只是我的两分钱：我没有看到任何提到右移并不总是产生与除以 2 相同的结果的事实。由于右移向负无穷大和整数除法四舍五入到零，一些值（如 -1 in二进制补码）在划分时不会按预期工作。

You can call it an idea of a genius mind or just the need of the computer language.

您可以将其称为天才思想的想法，也可以称之为计算机语言的需要。

To my belief, a Computer as a device never divides or multiplies numbers, rather it only has a logic of adding or simply shifting the bits from here to there. You can make an algorithm work by telling your computer to multiply, subtract them up, but when the logic reaches for actual processing, your results will be either an outcome of shifting of bits or just adding of bits.

在我看来，作为设备的计算机永远不会对数字进行除法或乘法运算，它只有一种将位从这里加到那里或简单地将位移到那里的逻辑。您可以通过告诉您的计算机将它们相乘、相减来使算法工作，但是当逻辑达到实际处理时，您的结果将是位移位或只是位相加的结果。

You can simply think that for getting the result of a number being divided by 4, the computer actually right shifts the bits to two places, and gives the result:

你可以简单地认为，为了得到一个数除以 4 的结果，计算机实际上将位右移了两个位置，并给出了结果：

7 in 8-bit binary = 00000111
Shift Right 2 places = 00000001 // (Which is for sure equal to Decimal 1)

Further examples:
//-- We can divide 9 by four by Right Shifting 2 places
9 in 8-bit binary = 00001001
Shift right 2 places: 00000010 // (Which is equal to 9/4 or Decimal 2)

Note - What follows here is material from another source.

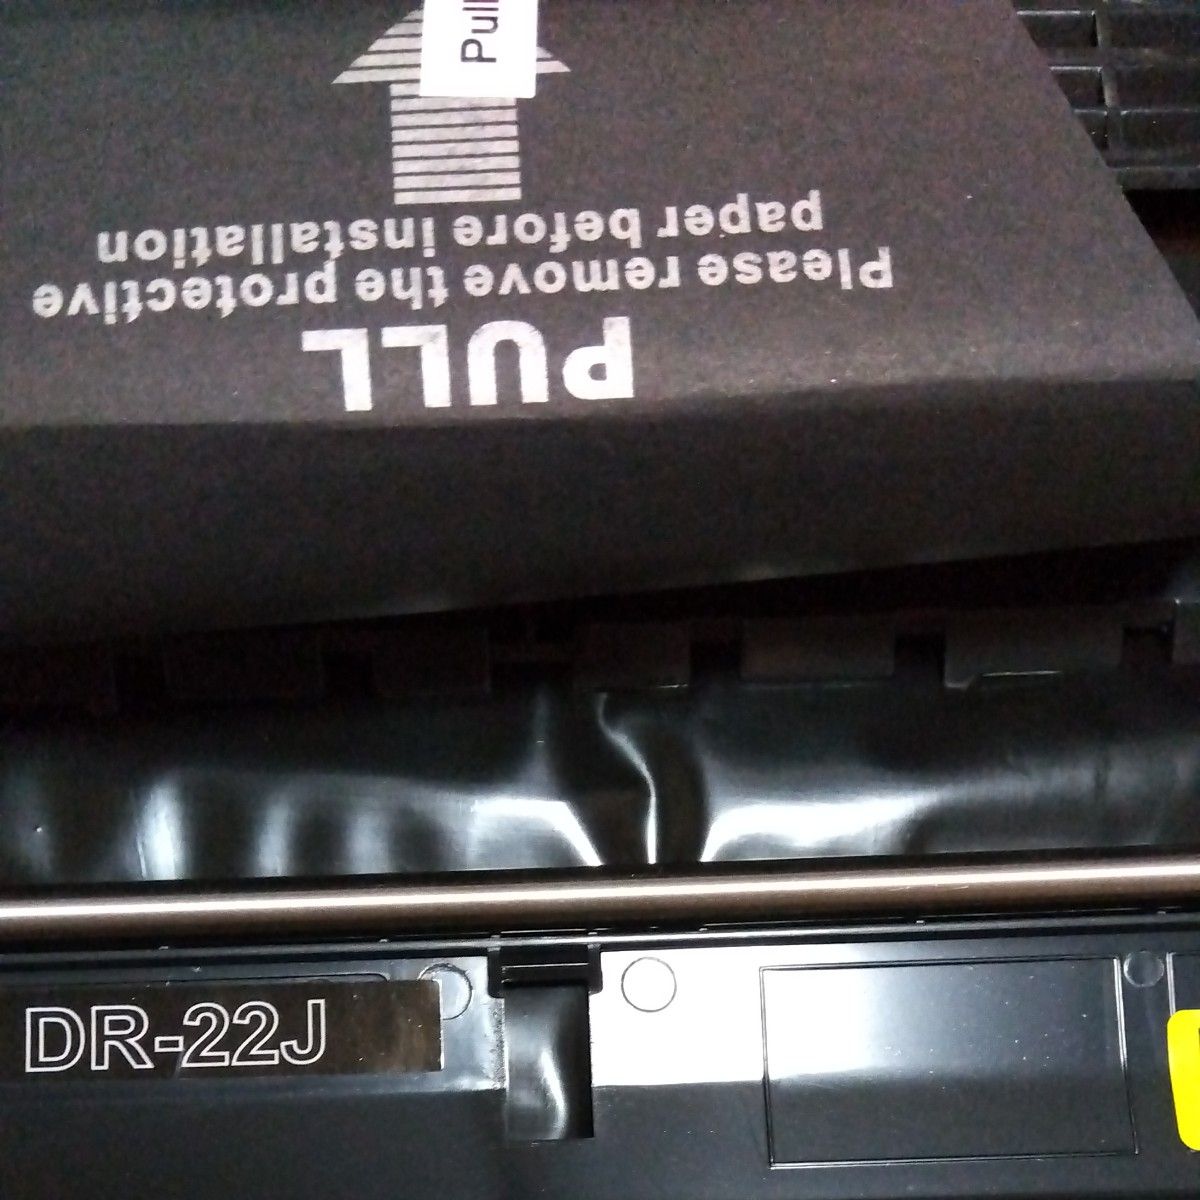 DRー22Jブラザープリンターの互換ドラムユニット

A person with deep knowledge of assembly language programming can explain it with more examples. If you want to know the actual sense behind all this, I guess you need to study bit level arithmetic and assembly language of computer.

对汇编语言编程有深入了解的人可以用更多的例子来解释它。如果你想知道这一切背后的实际意义，我猜你需要学习计算机的位级算术和汇编语言。